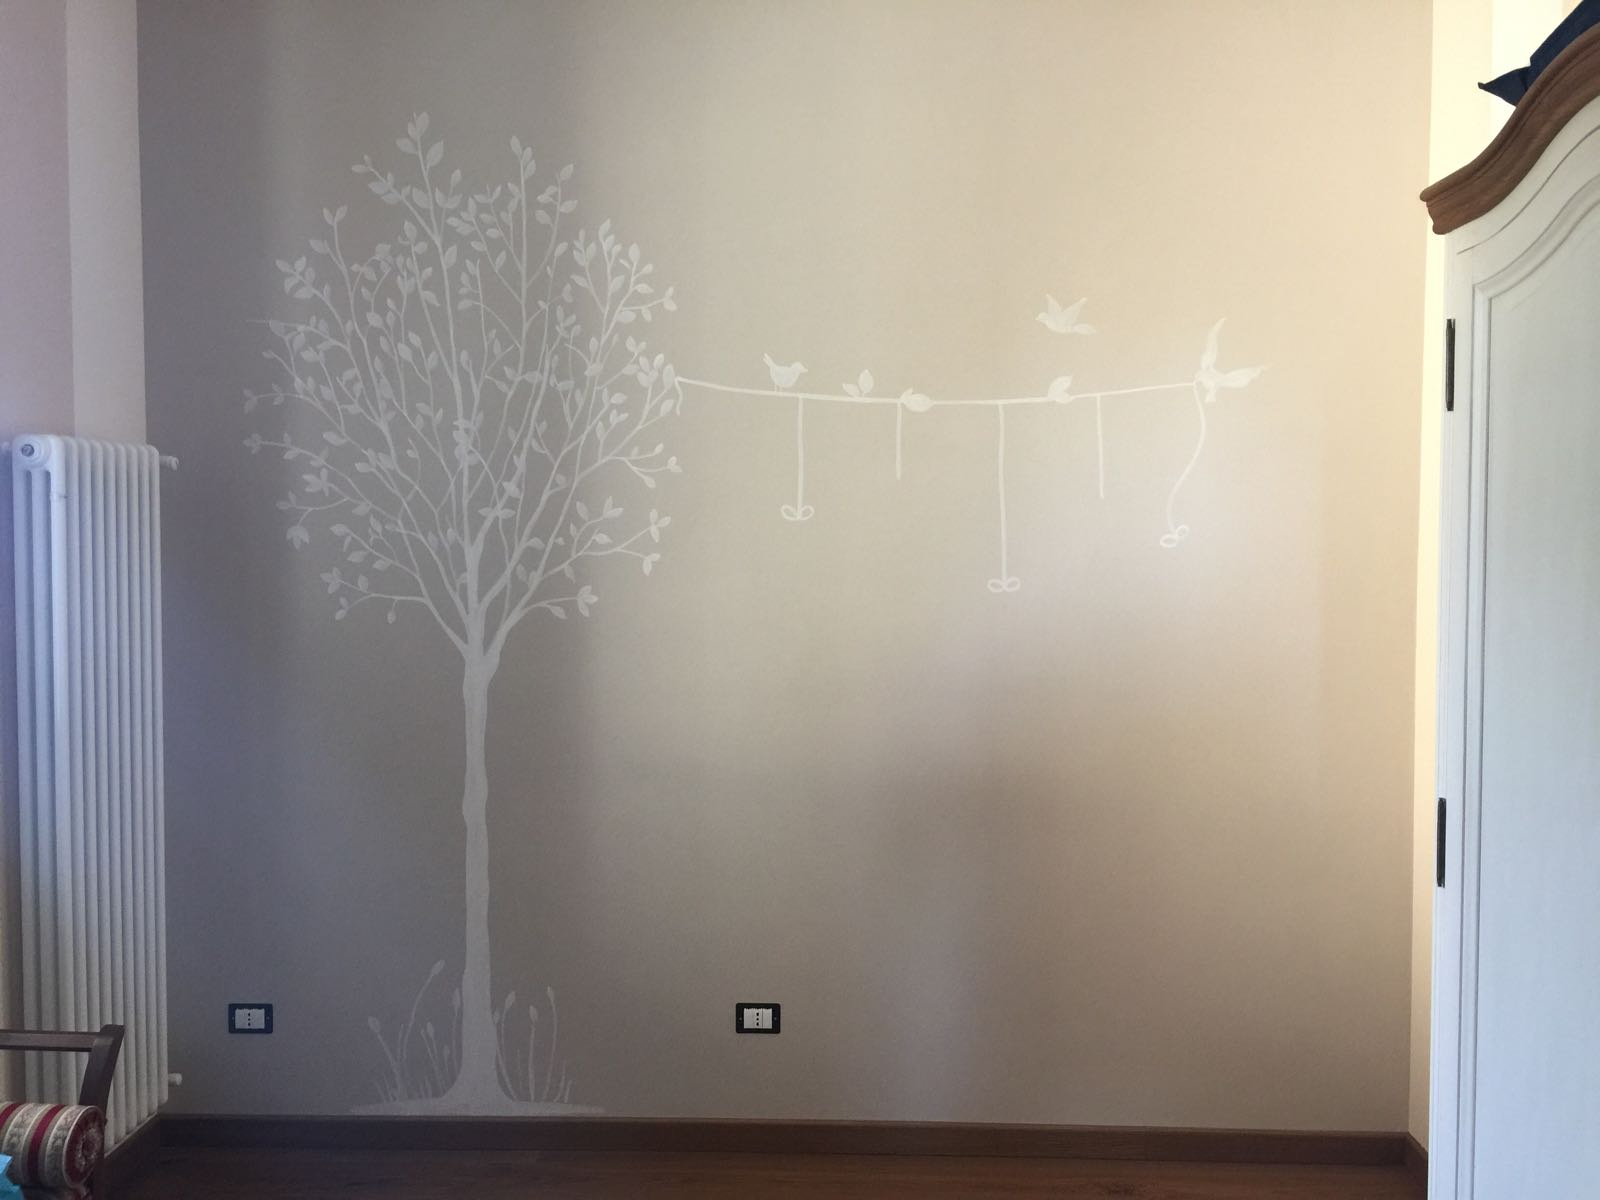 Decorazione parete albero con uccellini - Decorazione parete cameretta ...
* * *
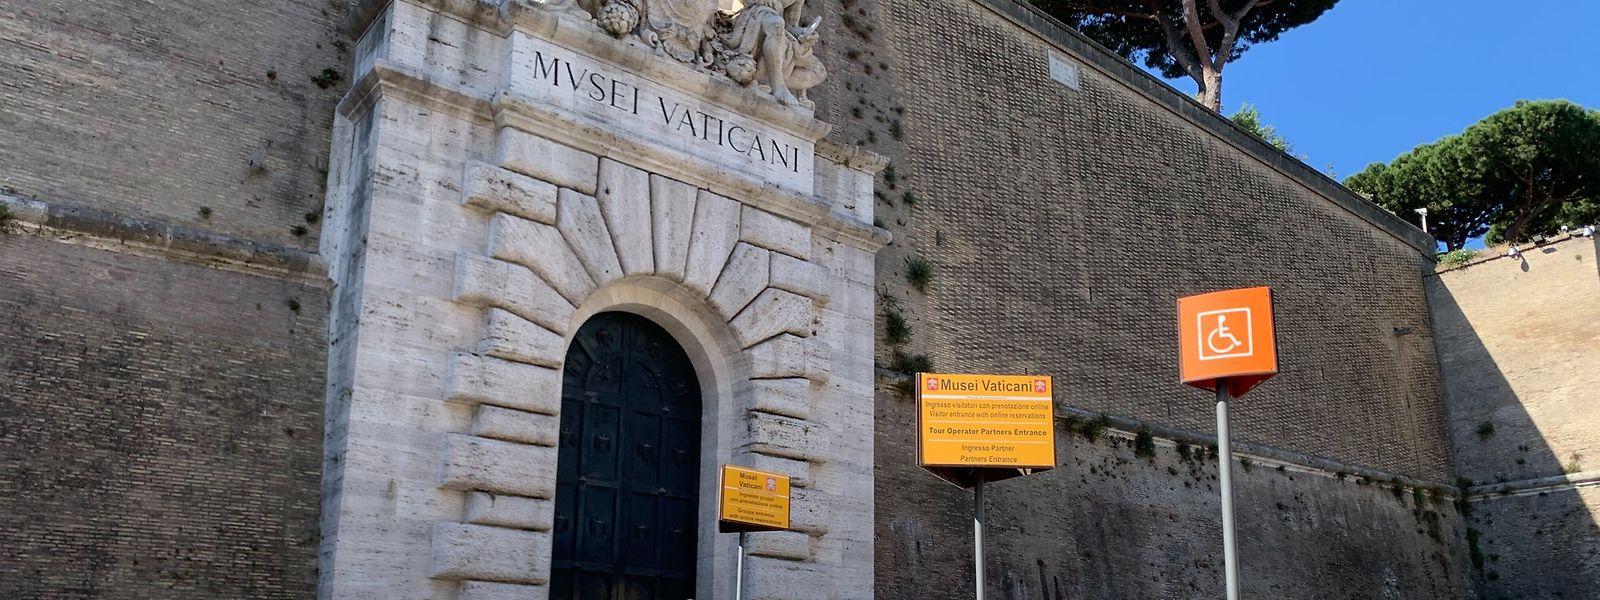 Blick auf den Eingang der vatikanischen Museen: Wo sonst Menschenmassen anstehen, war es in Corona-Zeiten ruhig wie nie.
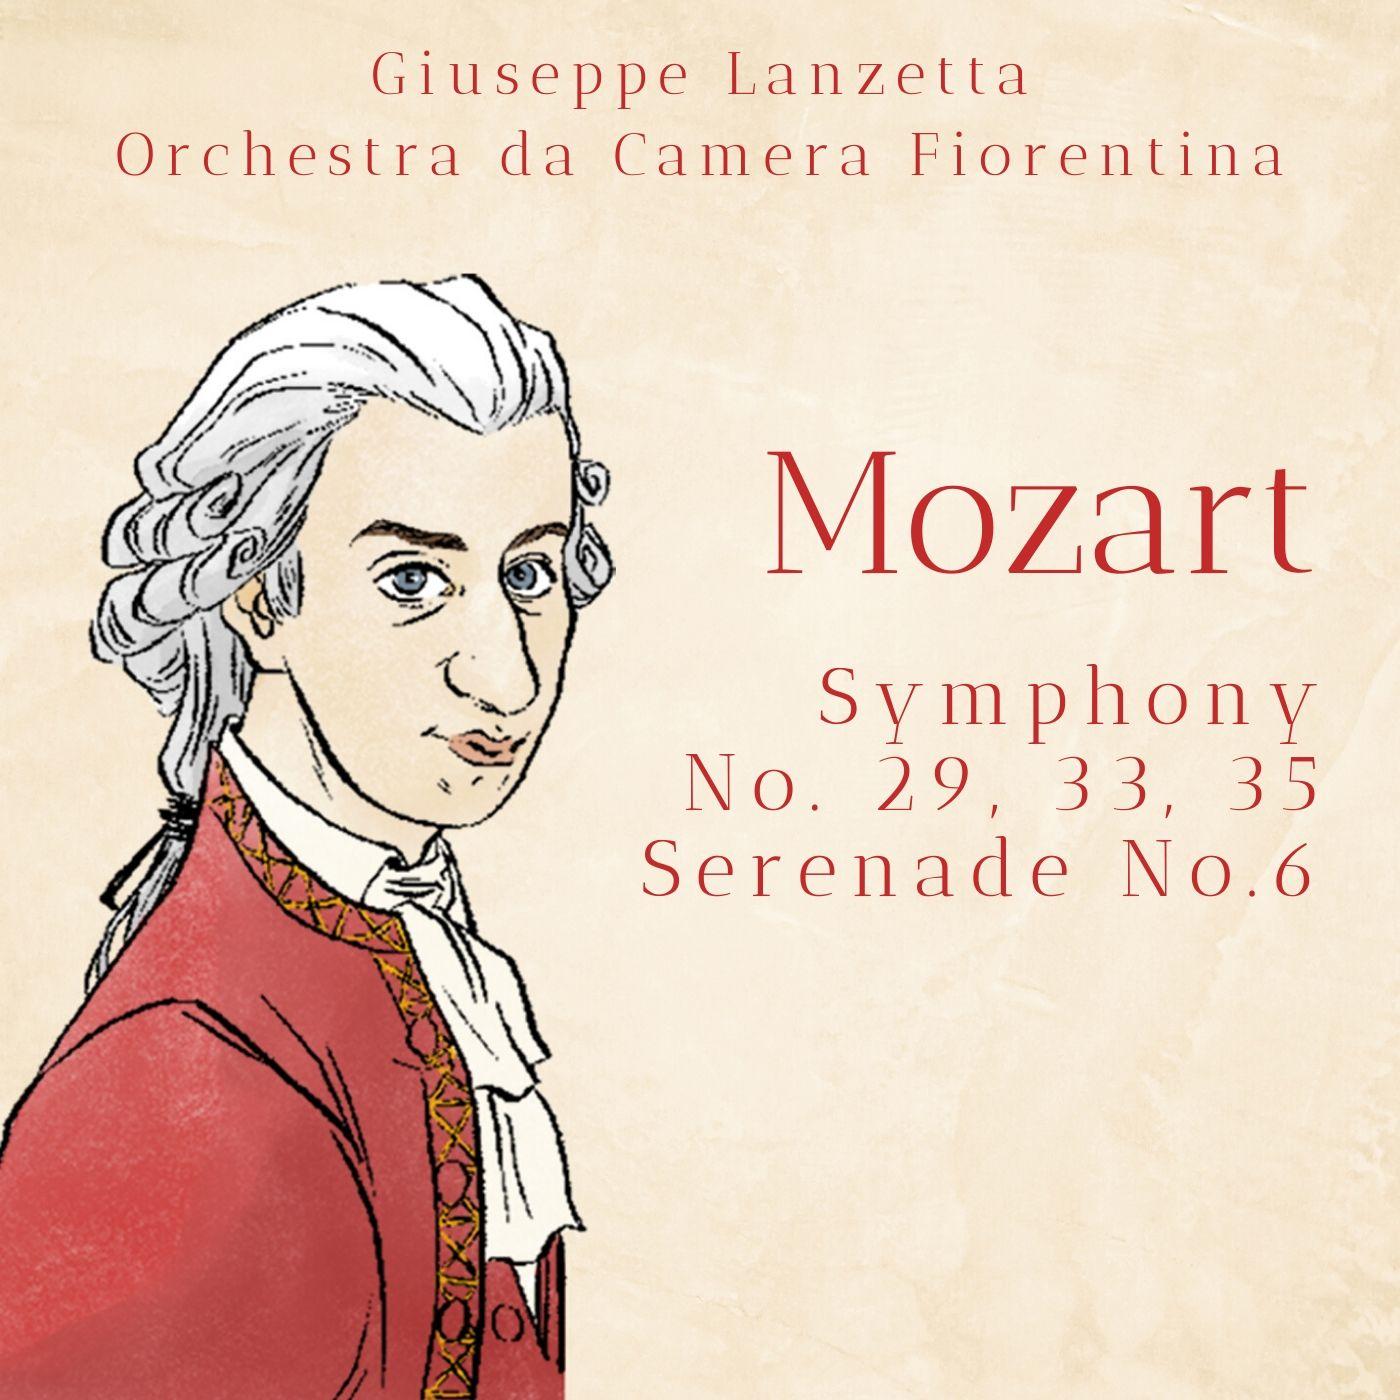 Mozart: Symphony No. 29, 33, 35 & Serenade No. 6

— BRIEF —
Output only the lines above from the line that holds "Blick auf den" through the line that holds "Mozart: Symphony No.", both ends included, and exclude pictures.

— SOLUTION FOR THIS PROBLEM —
 Blick auf den Eingang der vatikanischen Museen: Wo sonst Menschenmassen anstehen, war es in Corona-Zeiten ruhig wie nie.
 Mozart: Symphony No. 29, 33, 35 & Serenade No. 6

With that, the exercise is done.